START PROVIDED INFORMATION

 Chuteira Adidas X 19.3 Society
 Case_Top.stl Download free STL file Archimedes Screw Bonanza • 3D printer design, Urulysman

END PROVIDED INFORMATION
START PROVIDED INFORMATION

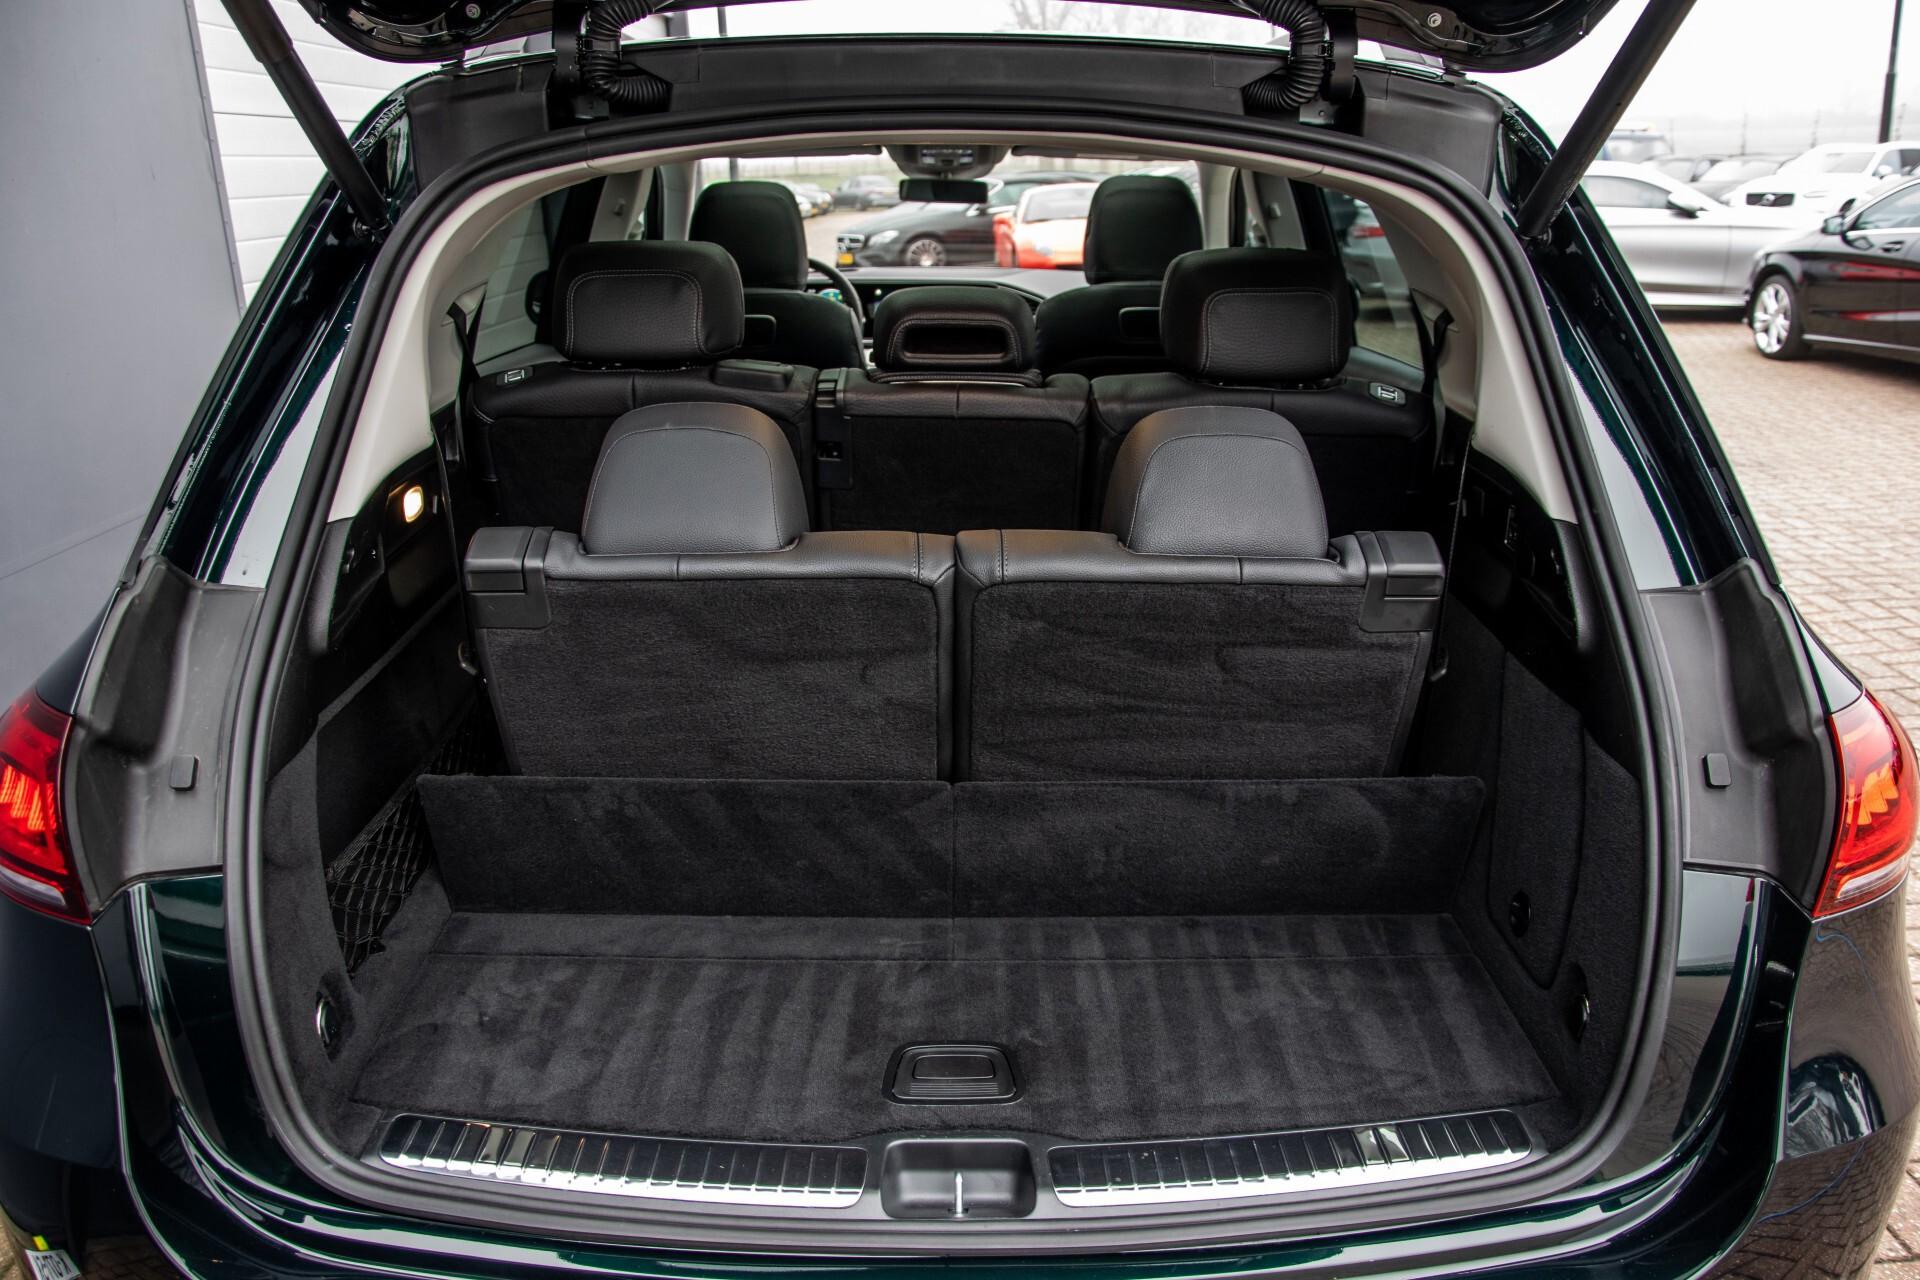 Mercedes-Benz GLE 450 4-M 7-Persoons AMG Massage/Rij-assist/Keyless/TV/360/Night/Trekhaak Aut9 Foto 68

END PROVIDED INFORMATION

*WORK INSTRUCTION*
Reproduce, exactly as they stand in the data above, the lines from the one that holds "Chuteira Adidas X 19.3 Society" to the one that holds "Case_Top.stl Download free", inclusive.

*WRITTEN RESPONSE*
 Chuteira Adidas X 19.3 Society
 Case_Top.stl Download free STL file Archimedes Screw Bonanza • 3D printer design, Urulysman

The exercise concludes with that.